Mobile Marketing Leaders Since 1998
Press
Getting the msg across
January 19, 2004
In a cramped office in Evanston, Jack Philbin is trying to turn cell phone-toting 35-year-olds into text-messaging teenagers.
Mr. Philbin, 28, and nine other employees of Vibes Media, an advertising agency he co-founded, run campaigns for wireless companies that want to boost text-messaging traffic on their cellular telephone networks.
Verizon Wireless, the nation’s second-largest carrier, is currently offering one such effort, a trivia contest, to half its 36 million subscribers.
“This hotel heiress can be seen on everyone’s TV. . . . What’s her first name?” asks one question sent out as a text message to the cell phone screens of Verizon subscribers.
The answer Paris (Hilton) is easy. And that’s the point.
Easy-to-answer questions elicit more responses. More responses means more people learning to type words on a cell phone’s tiny keypad an alien concept for most Americans over the age of 25.
“We have to make every message perfect,” says Alex Campbell, 27, who co-founded Vibes with Mr. Philbin. “It has to be entertaining. It can’t be 'Sorry, you’re wrong. Goodbye.' ”
Mr. Philbin and his colleagues must tread carefully: Messages meant to intrigue can just as easily irritate busy consumers.
But at 10 cents per text message, New Jersey-based Verizon and other wireless carriers are willing to take that risk. So, they’re peppering subscribers with text messages on everything from scavenger hunts to opinion polls at sporting events.
Vibes and a handful of other wireless advertising agencies cater to this highly specialized niche. The Evanston agency has run about 200 campaigns over the past 18 months, and generated just under $1 million in revenues in 2003.
New York-based Upoc Inc., a 30-employee agency, has signed up 1 million people to share text messages. Members of one subgroup, New York Celebrity Sightings, alert each other when a celebrity like Harrison Ford is spotted in Union Square.
New source of revenue
Carriers are counting on data services, such as text, camera and instant messaging, as incremental revenue that can help offset the increasingly tight margins for basic cell phone service.
“This is a highly profitable business,” says Linda Barrabee, senior analyst at Boston’s Yankee Group, a market research firm. “It’s very cheap to deliver,” since it runs on existing cellular telephone networks, which have vast unused capacity.
While text messaging has been popular in Europe for years, American consumers have been late to the party. The service only began to attract large numbers of users in the United States in mid-2002, when the nation’s wireless carriers hammered out agreements that enable users on different networks to trade messages.
Boosting users, market
From 2002 to 2003, the number of active users doubled to 31.5 million, while revenues generated from text messaging in the U.S. increased fourfold, to $995 million, according to Yankee Group estimates. This market is projected to grow to $2.4 billion by 2007.

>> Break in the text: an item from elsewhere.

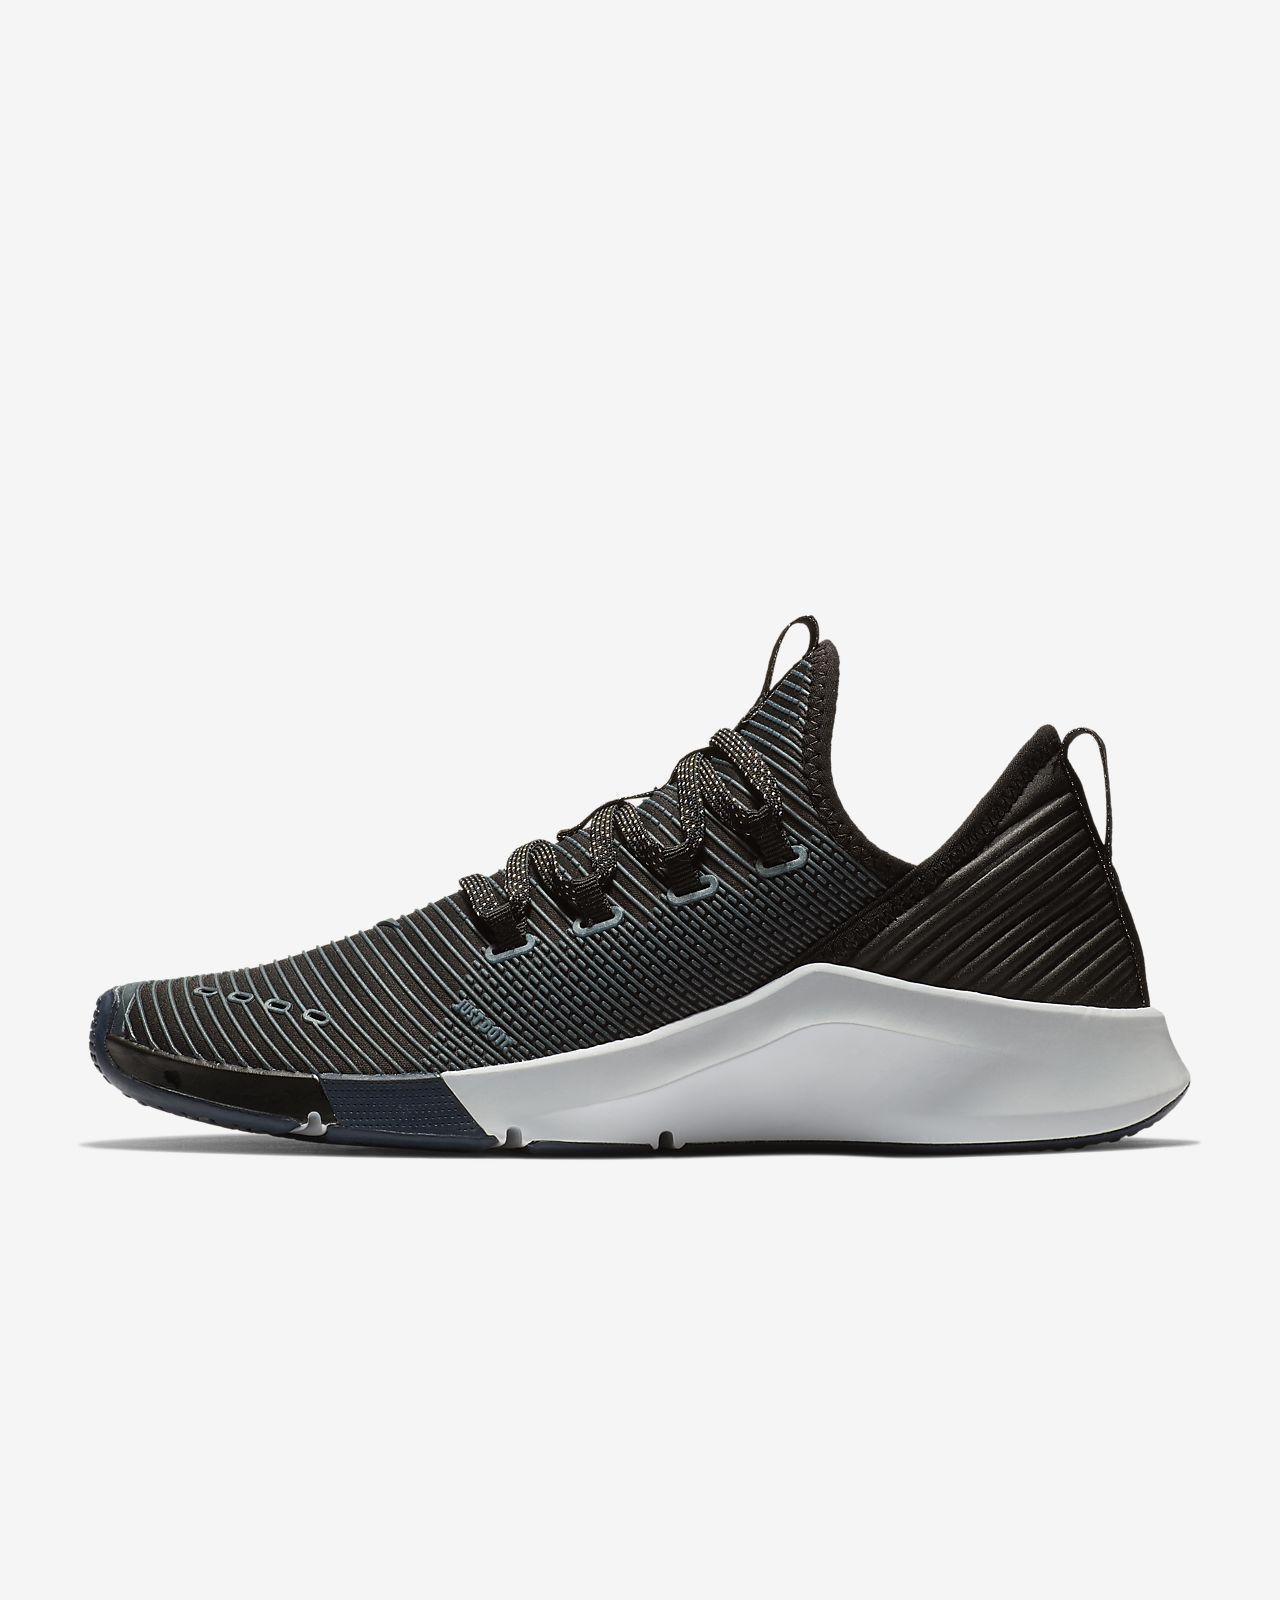 buy popular b7646 b4b32 Chaussure de training Nike Air Zoom Elevate Metallic pour Femme

“Everyone industrywide has understood that text messaging is going to be important in the business,” says Michael McCann, Midwest regional director of marketing at U.S. Cellular Corp., a wireless carrier based in Chicago. “It appeals to the youth segment, and that’s very important to our business.”
This segment tends to adopt new technology before their parents, and sending text messages from one cell phone to another is the digital equivalent of passing a note in class to a friend.
Nearly half the 1,000 18-to-24 year-olds surveyed say they use their text messaging at least once a month, according to Yankee Group, compared with 13% of older adults. What’s more, nearly three-quarters of adults surveyed weren’t aware that this service exists on their cell phones.
One problem is that text messaging isn’t easy to find, or use, on many handsets. Users have to triple-tap hit some keys three times to get the correct letter.
“For me, it’s easier to call somebody,” concedes Richard DeRoche, 40, a technology consultant and sporadic user of the service.
That’s why carriers like Vibes’ proselytizing efforts. The agency’s more complex games generate more than 70 text messages per user.
“This is a chance to get in and see what text messaging is all about,” says Nikki Learakos, Verizon Wireless’ product manager for the Midwest.